### Data extract:
======

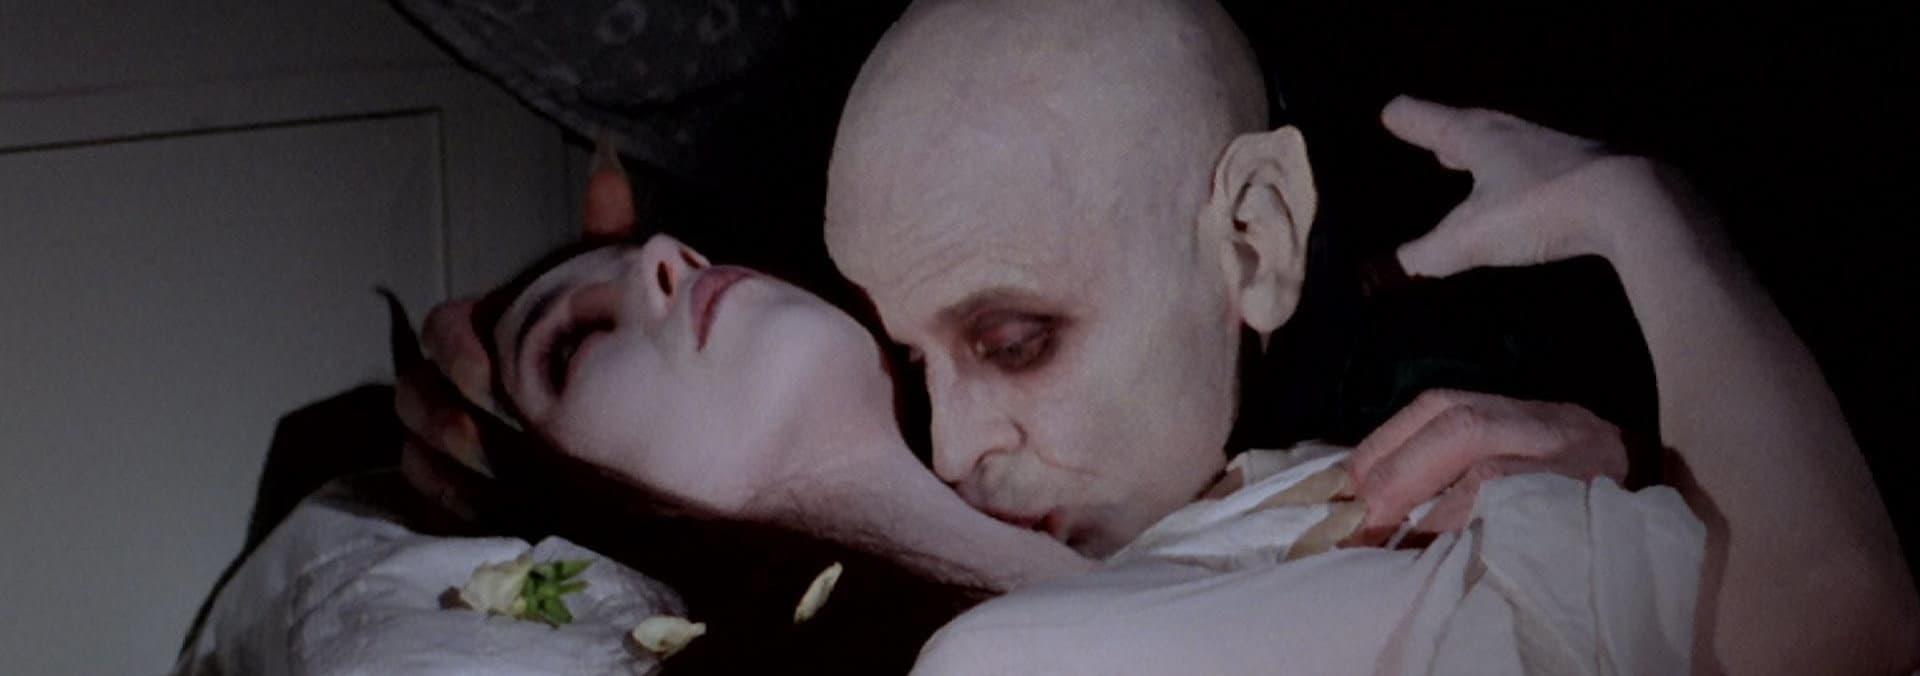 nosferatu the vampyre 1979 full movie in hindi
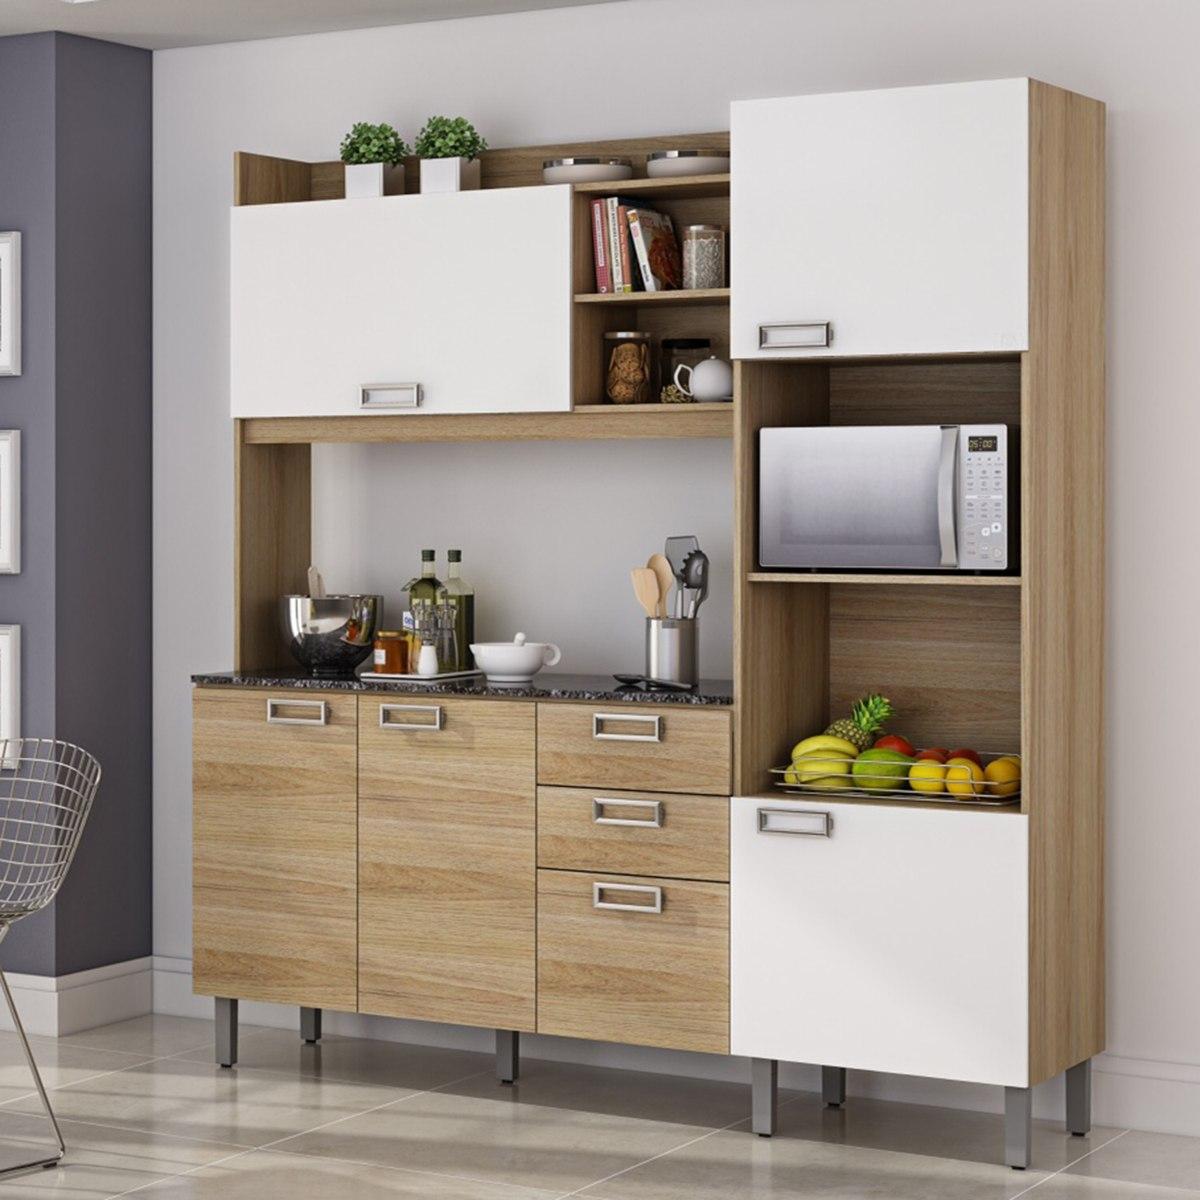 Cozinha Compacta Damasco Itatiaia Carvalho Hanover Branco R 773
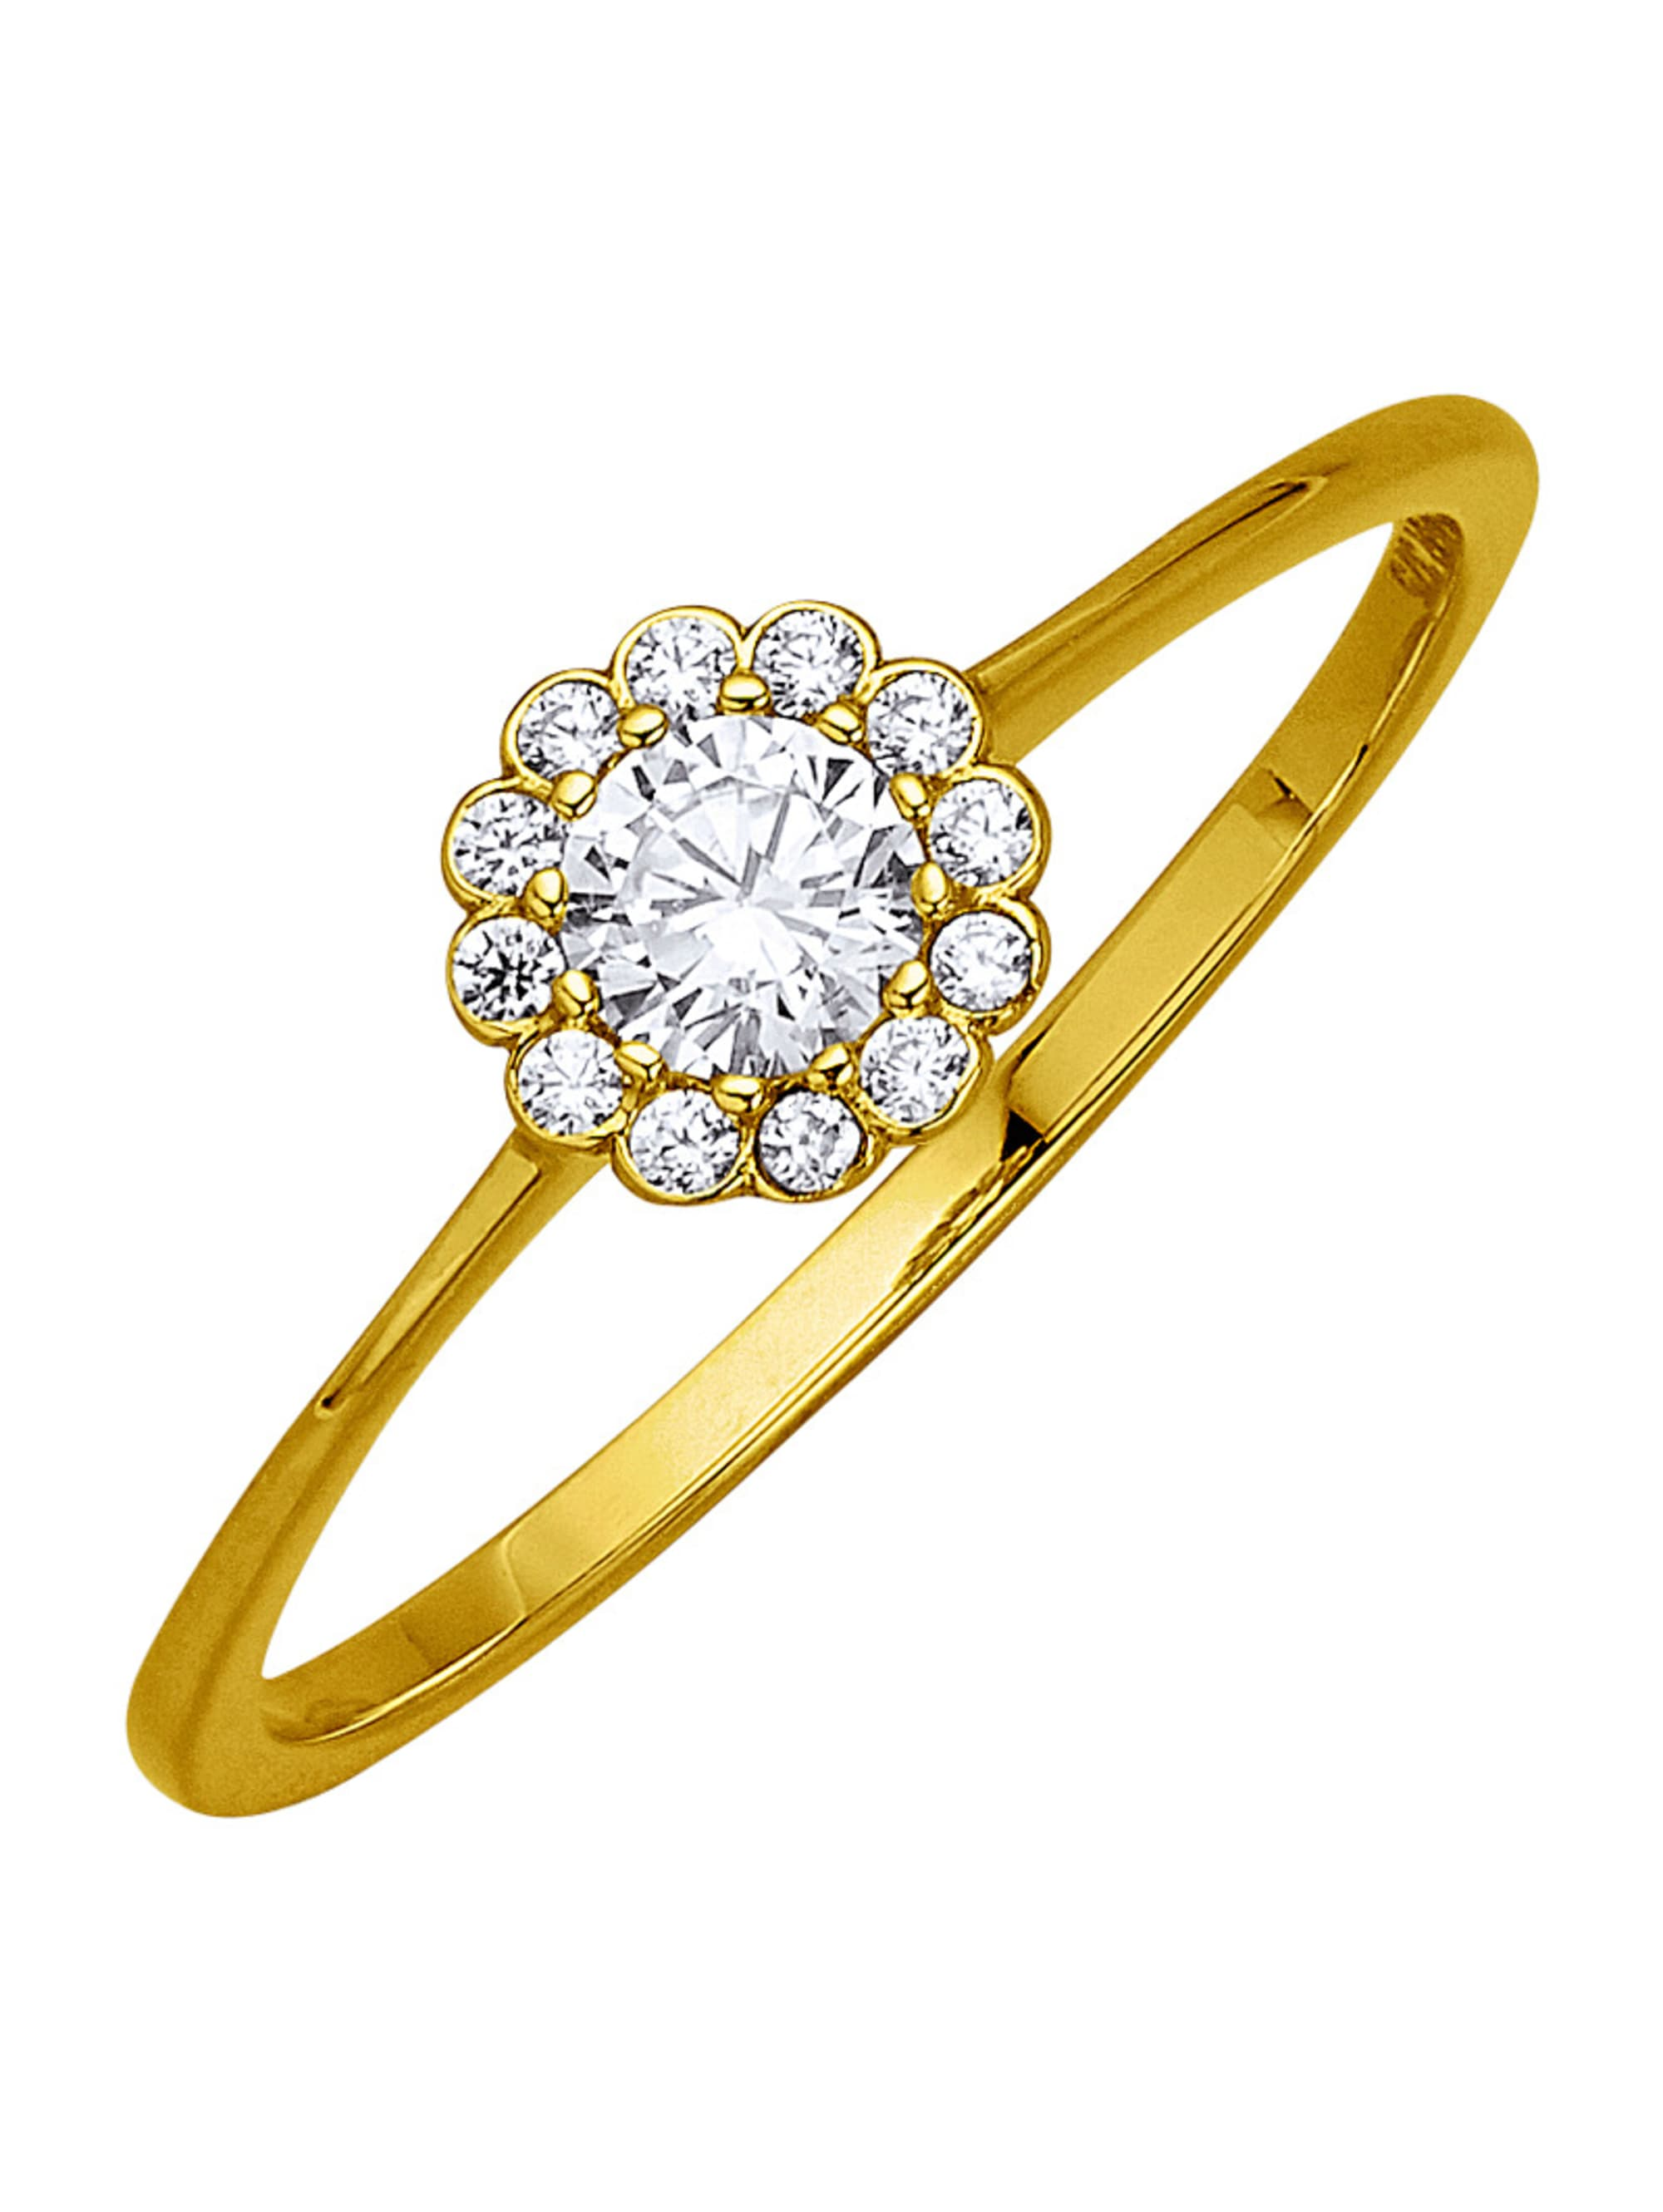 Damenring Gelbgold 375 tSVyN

======

### Task to carry out:
A word-for-word copy of the lines from the one with "Cozinha Compacta Damasco" through the last line of the data above is required, with both end lines included and no pictures.

### Response below:
 Cozinha Compacta Damasco Itatiaia Carvalho Hanover Branco R 773
 Damenring Gelbgold 375 tSVyN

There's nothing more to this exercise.